<<<<
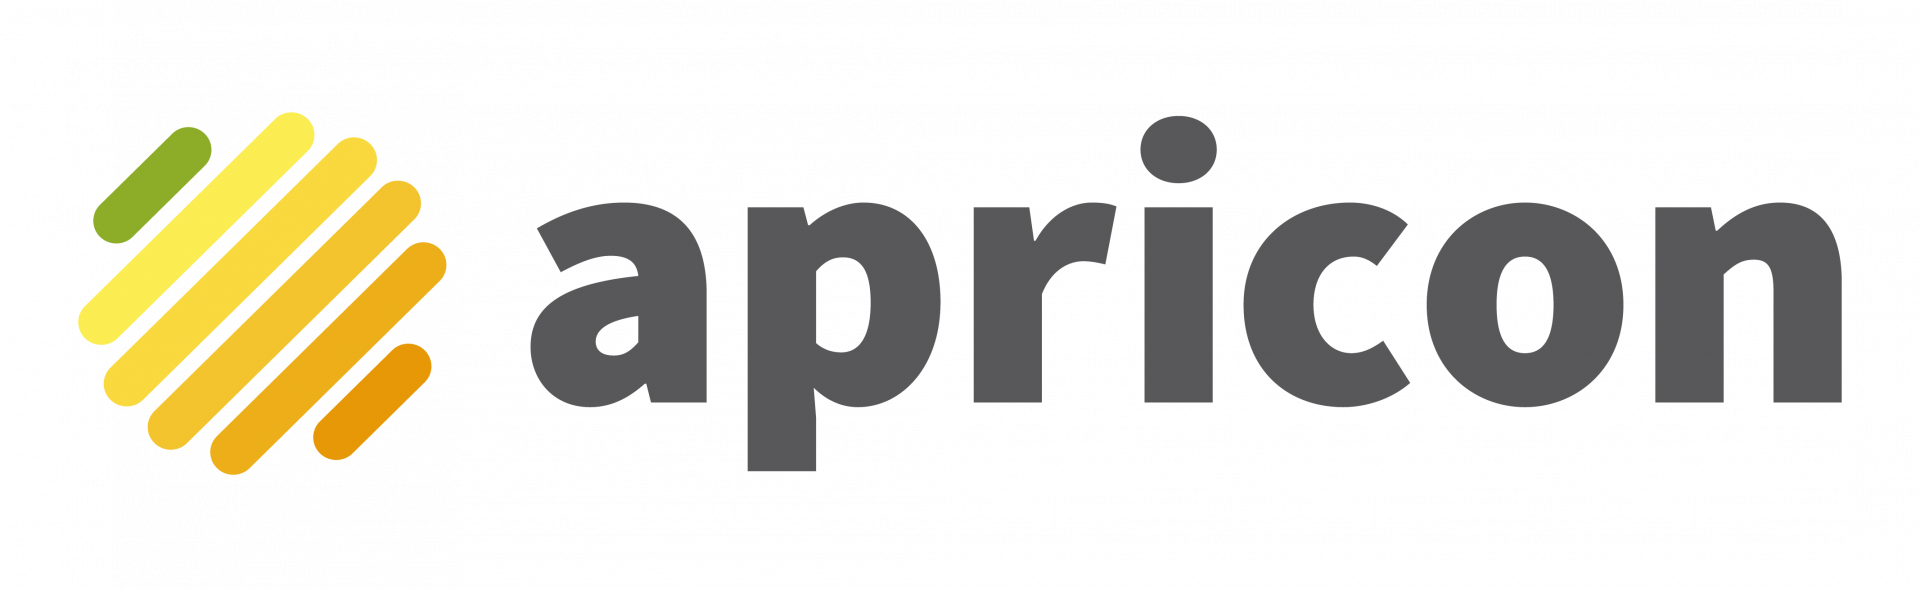 apricon logo print
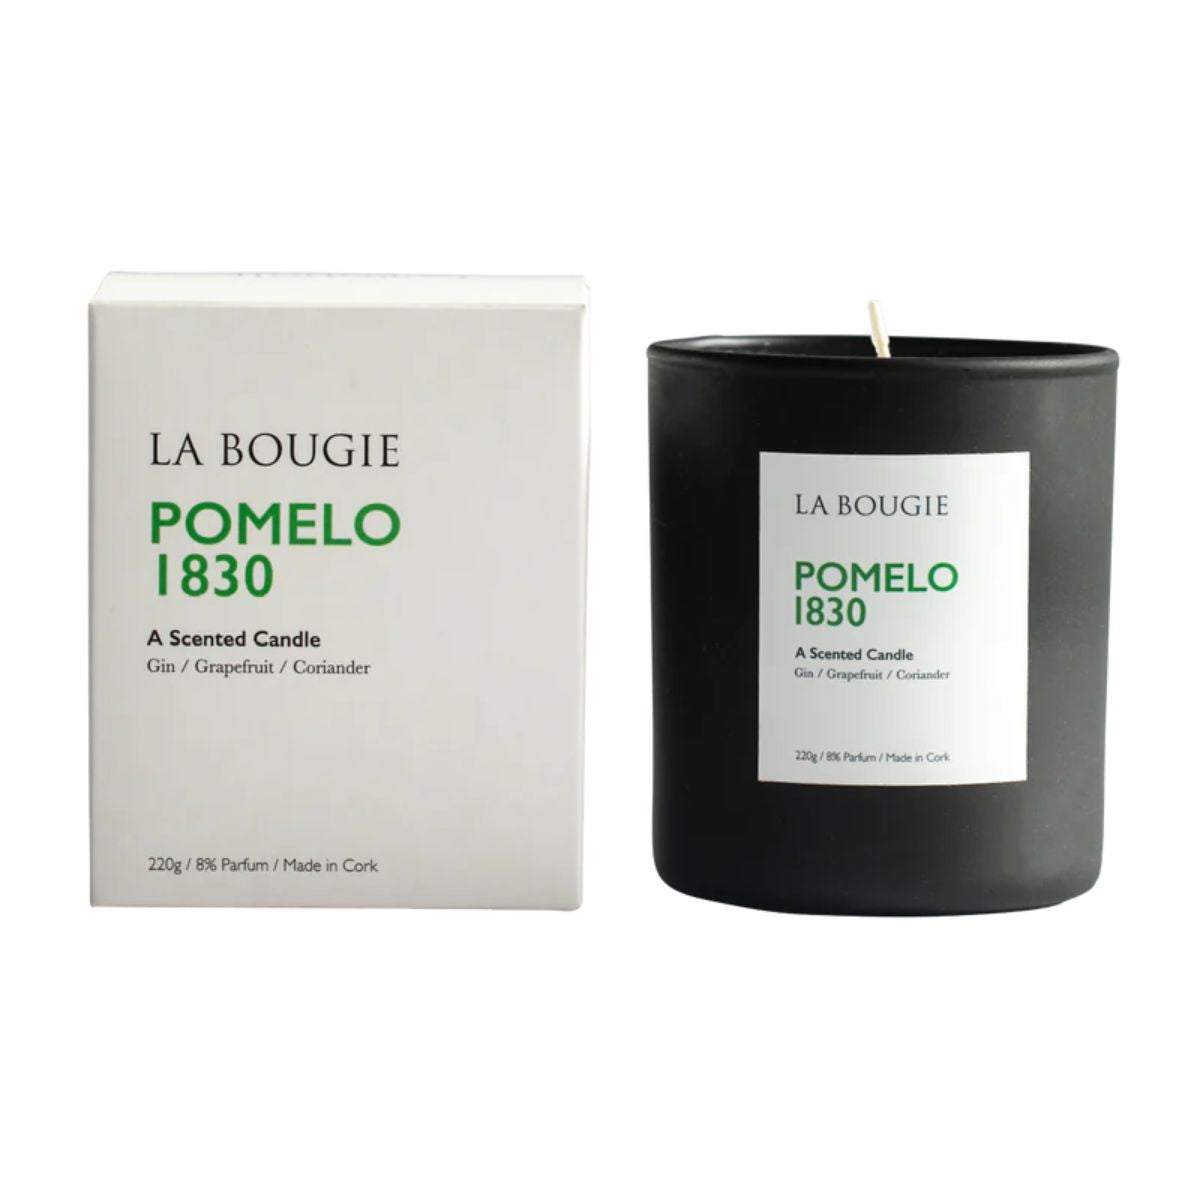 La Bougie Pomelo 1830 Candle
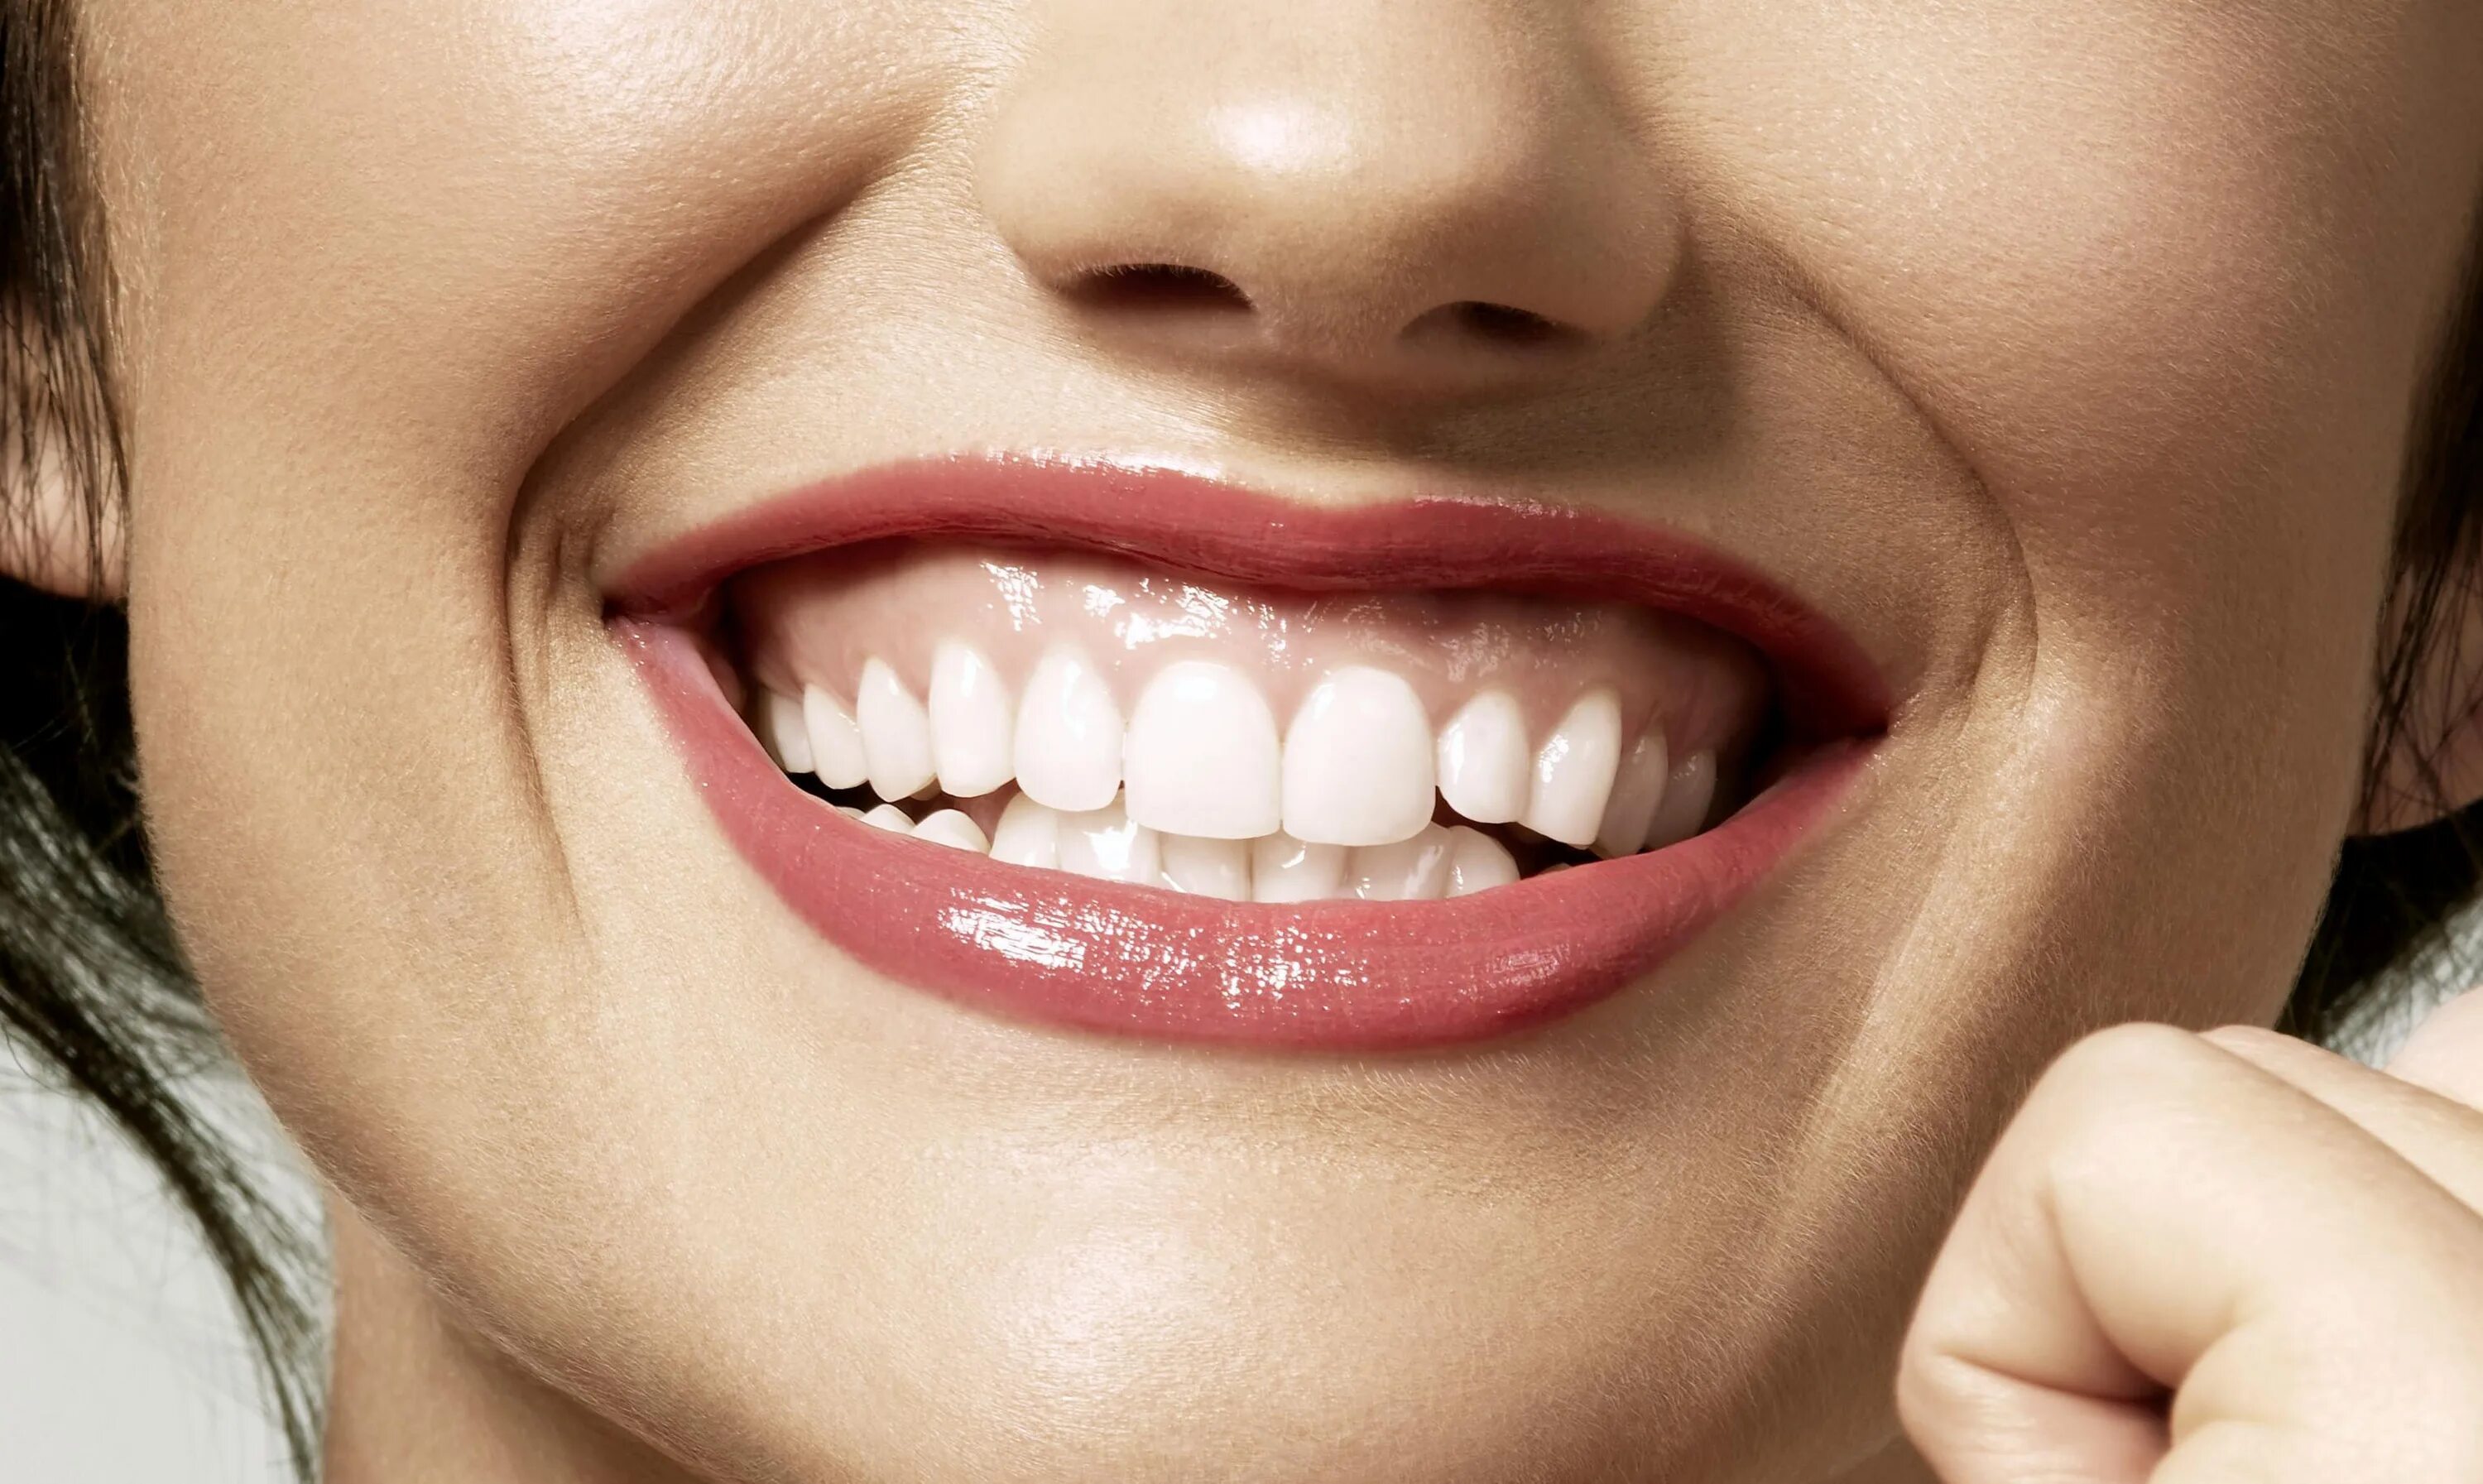 Видны верхние зубы. Десневая улыбка Gummy smile. Красивые зубы. Красивая форма зубов. Широкие зубы.
>>>>
## Task details
A verbatim rendering of the listing above is required, without any of its pictures.

## Response
 apricon logo print
 La Bougie Pomelo 1830 Candle
 Видны верхние зубы. Десневая улыбка Gummy smile. Красивые зубы. Красивая форма зубов. Широкие зубы.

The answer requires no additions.